Wilton David, Willett Peter, Lawson Kevin, Mullier Graham
Krebs Institute for Biomolecular Research and Department of Information Studies, University of Sheffield, Sheffield S10 2TN, UK.
J Chem Inf Comput Sci. 2003 Mar-Apr;43(2):469-74. doi: 10.1021/ci025586i.

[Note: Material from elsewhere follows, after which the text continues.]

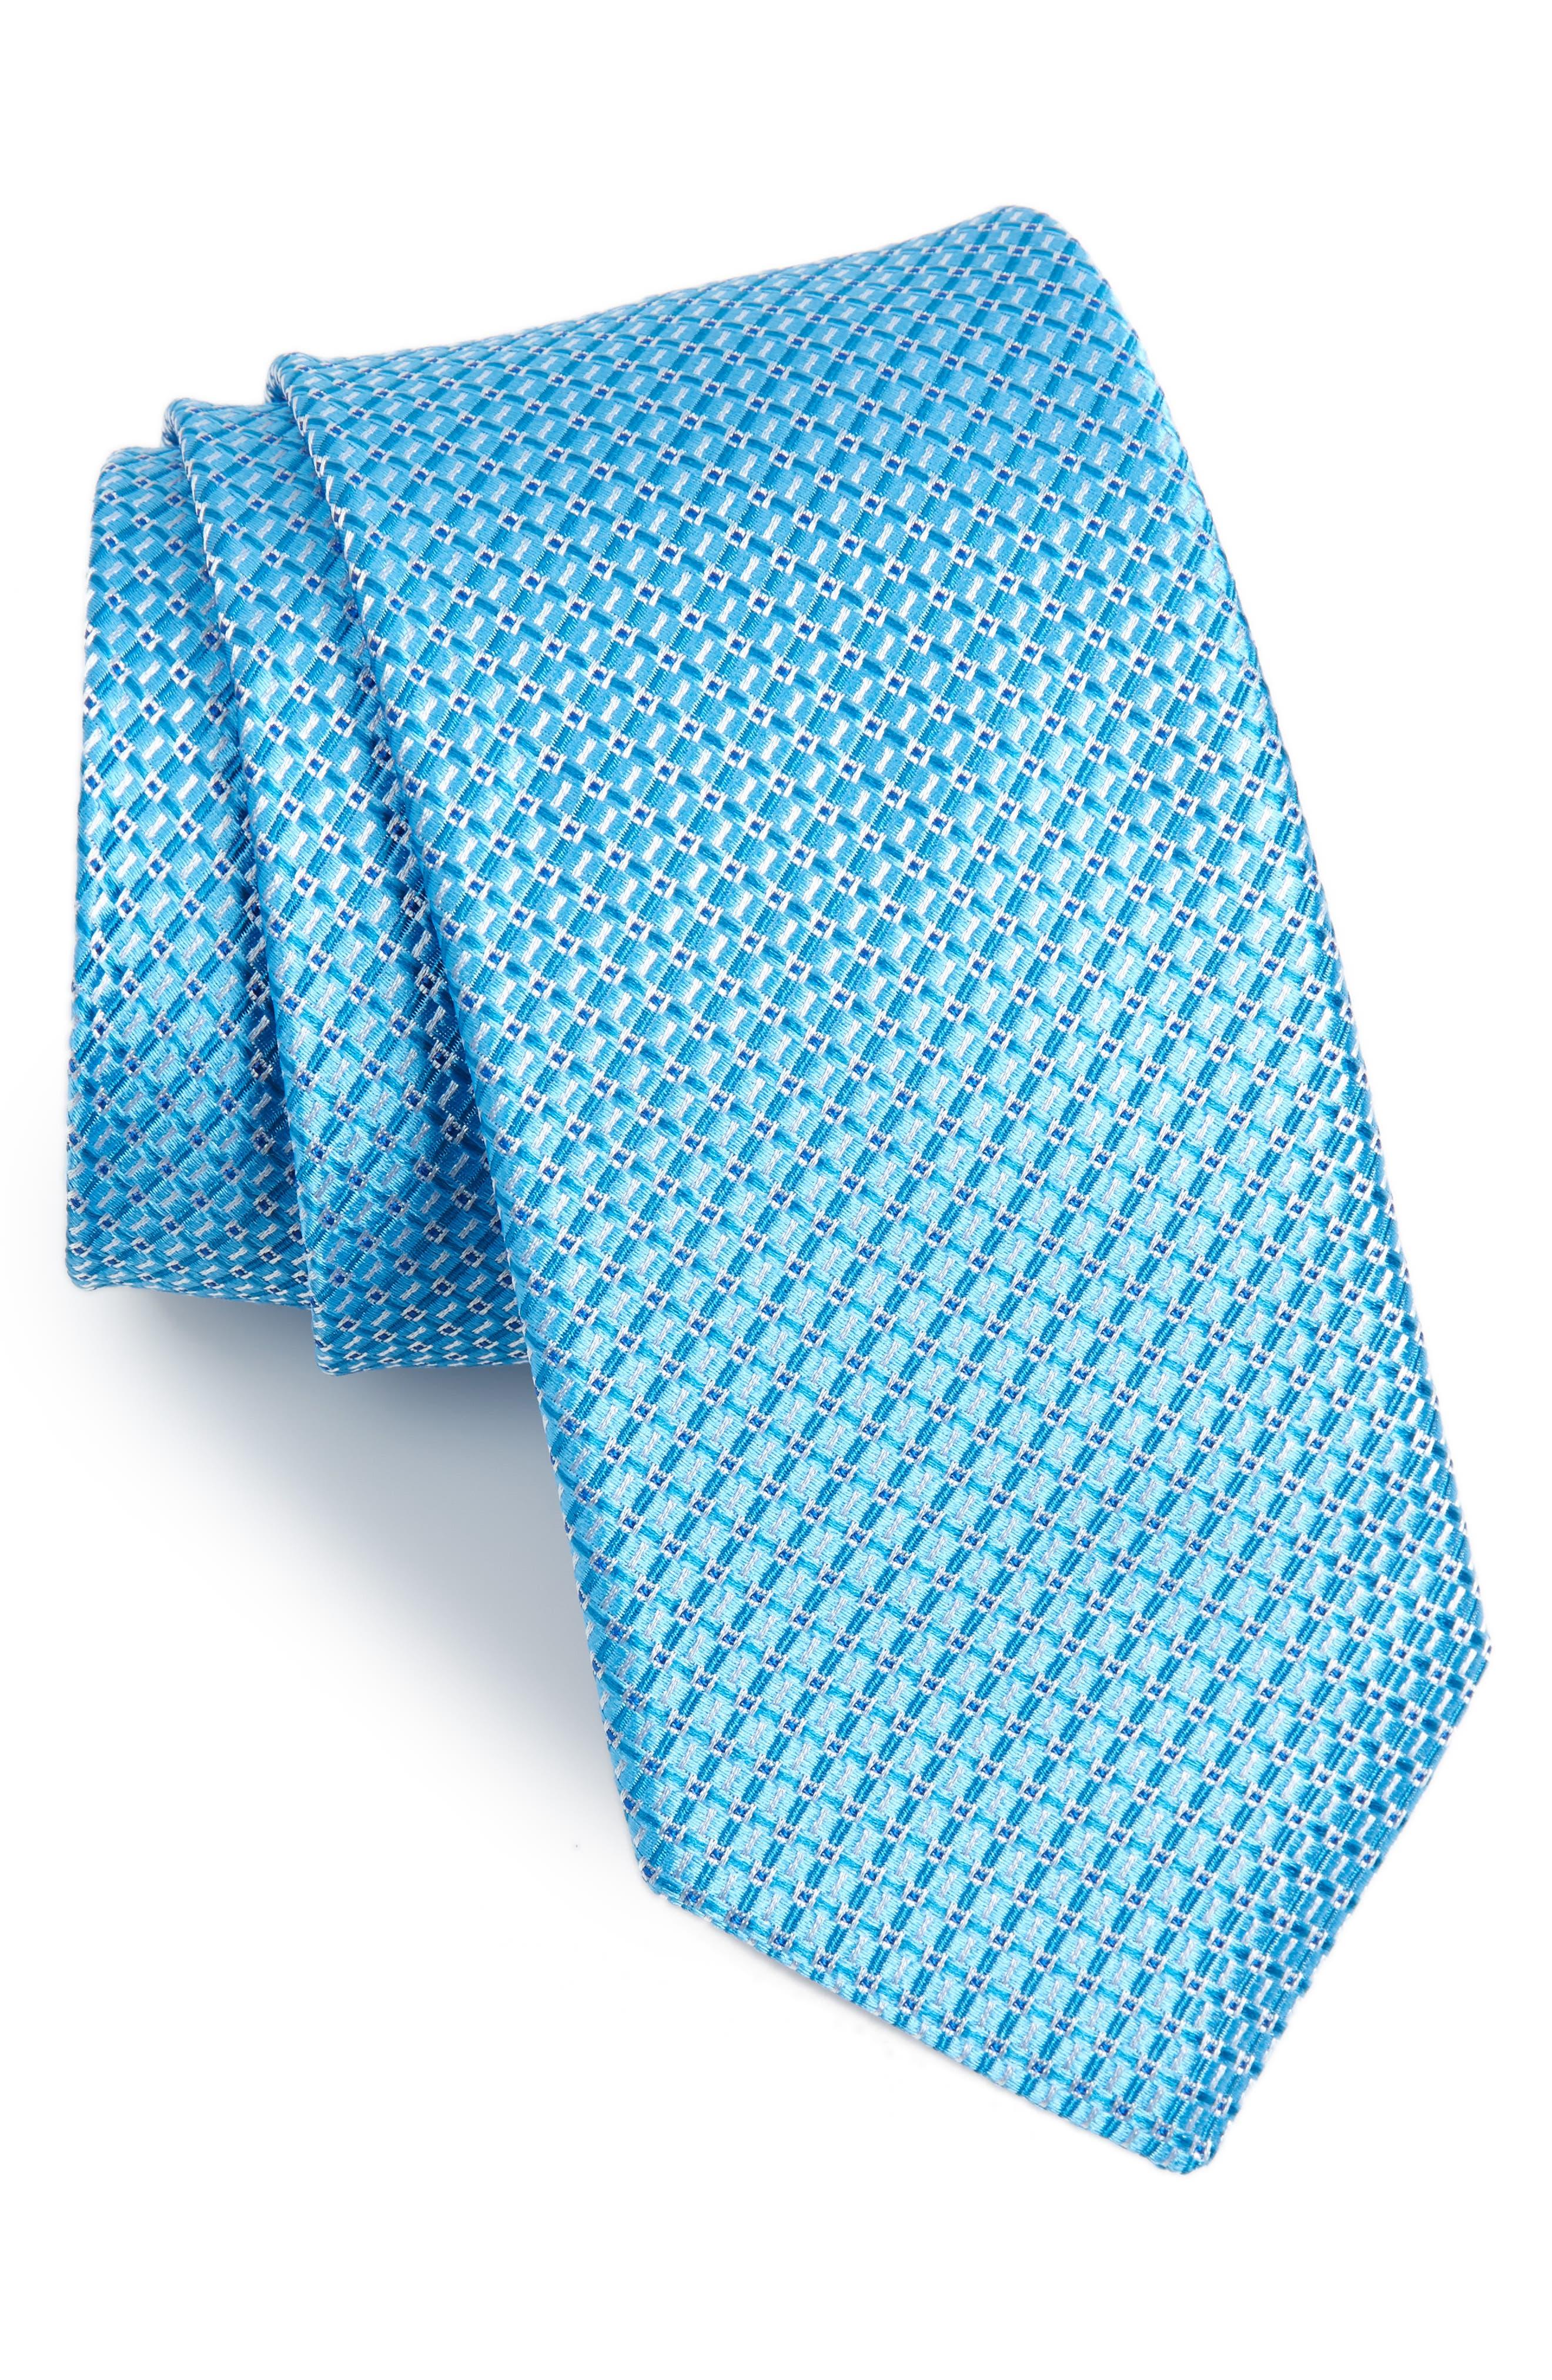 Grid Silk Tie,                             Main thumbnail 1, color,                             435

This paper discusses the use of several rank-based virtual screening methods for prioritizing compounds in lead-discovery programs, given a training set for which both structural and bioactivity data are available. Structures from the NCI AIDS data set and from the Syngenta corporate database were represented by two types of fragment bit-string and by sets of high-level molecular features. These representations were processed using binary kernel discrimination, similarity searching, substructural analysis, support vector machine, and trend vector analysis, with the effectiveness of the methods being judged by the extent to which active test set molecules were clustered toward the top of the resultant rankings. The binary kernel discrimination approach yielded consistently superior rankings and would appear to have considerable potential for chemical screening applications.
本文讨论了几种基于排序的虚拟筛选方法在先导化合物发现项目中对化合物进行优先级排序的应用,前提是有一个同时具备结构和生物活性数据的训练集。美国国立癌症研究所艾滋病数据集和先正达公司数据库中的结构由两种类型的片段位串和一组高级分子特征表示。这些表示通过二元核判别、相似性搜索、子结构分析、支持向量机和趋势向量分析进行处理,方法的有效性通过活性测试集分子在所得排名中向顶部聚集的程度来判断。二元核判别方法产生的排名始终更优,似乎在化学筛选应用中有很大潜力。